Analysis of EEG using Ensemble Empirical Mode Decomposition
This work provides the back ground for analysis of non-linear and non-stationary brain signals by using Ensemble Empirical Mode Decomposition. The electroencephalogram (EEG) is a representative signal which contains information about the condition of the human brain. The disorder in brain is characterized by recurrent electrical discharge of the cerebral cortex. Detection of such disorders by visual scanning of EEG signal is a time consuming task and it may be inaccurate, particularly for long recording data set. In this paper an algorithm is presented which is based on the concept of Ensemble Empirical Mode Decomposition (EEMD). The main idea is White Gaussian Noise is added to the original signal and then EMD is performed. This realization is done several times and by averaging the modes we obtain the true values of modes. Empirical Mode Decomposition is being done over an ensemble of the Gaussian white noise plus signal. Hence Mode mixing problem is being resolved by populating the time frequency space plane.

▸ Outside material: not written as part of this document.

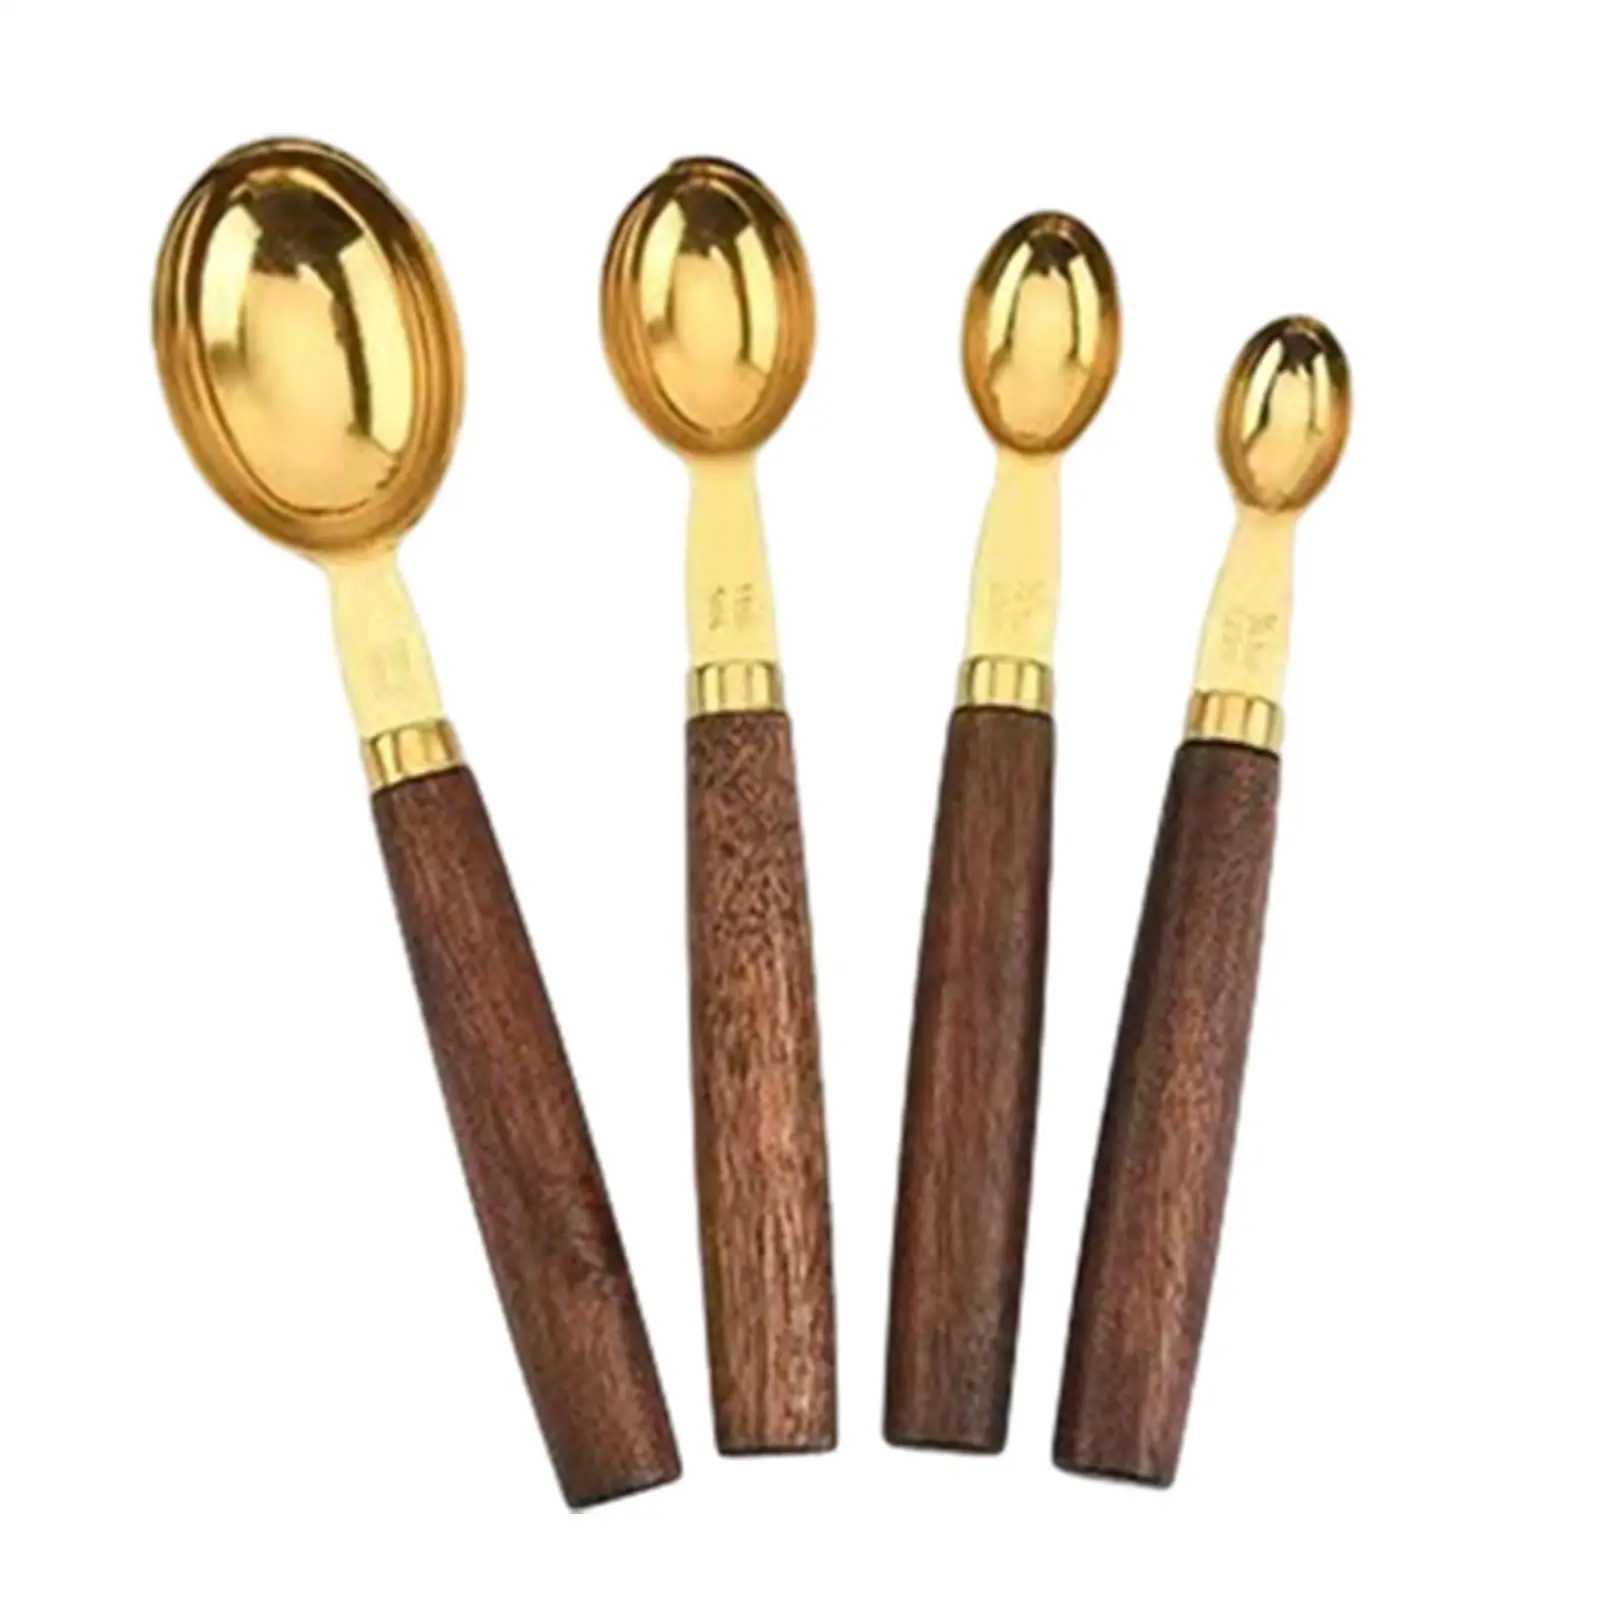 Measuring Cups Spoons Set, Measuring Baking Set, Stainless Steel Measuring Cups Stackable for Dry and Liquid Cooking Oil,

The electroencephalogram (EEG) is a representative signal which contains information about the conditions of the human brain. EEG is non-linear and non-stationary signal. Most of the methods developed in the literature for EEG signal analysis and classification are based on time domain, frequency domain, and time-frequency domain. Several individual processing techniques and also combinations of those were employed and refined for analysis, quantification and recognition. Neural Networks (NN) have been used to detect abnormal patterns in the EEG . Wavelet Transform is also widely used for disorder detection .Others concepts combine Approximate Entropy and Lempel-Ziv Complexity , and Time Frequency Distributions. Recently a new technique for analysis of nonlinear and non-stationary EEG has been introduced which is based on the Ensemble Empirical Mode Decomposition (EEMD) of EEG.
Ensemble Empirical Mode Decomposition (EEMD)  is data adaptive method which is used for the analysis of non-stationary and non-linear signals. It comprises of a local and completely data-driven separation of a signal into slow and fast oscillations. It performs the EMD over an ensemble of the signal plus Gaussian white noise. This methodology resolves the problem of mode mixing by populating the whole time-frequency space. The main focus of this approach is sifting an ensemble of white noise and added signal, hence mean value obtained is treated as final result. Mode mixing is defined as a single Intrinsic Mode Functions (IMFs)  consisting of signals of widely disparate scale or a signal of un-comparable scale residing in different IMFs. Mode mixing  is a consequence of intermittency. Intermittency means signal is stopped or cease for some time. Intermittency can cause aliasing problems and also responsible for losing the meaning of IMFs. As we go from lower order IMFs to higher order IMFs, the scaling increases. This means scaling factor increases hence the signal decomposes. With this ensemble mean concept, we can separate scales without any a priori subjective criterion selection.This new approach utilizes the advantage of the statistical characteristics of white noise which slightly modifies the signal in its true solution neighborhood, and to cancel itself out after serving its purpose.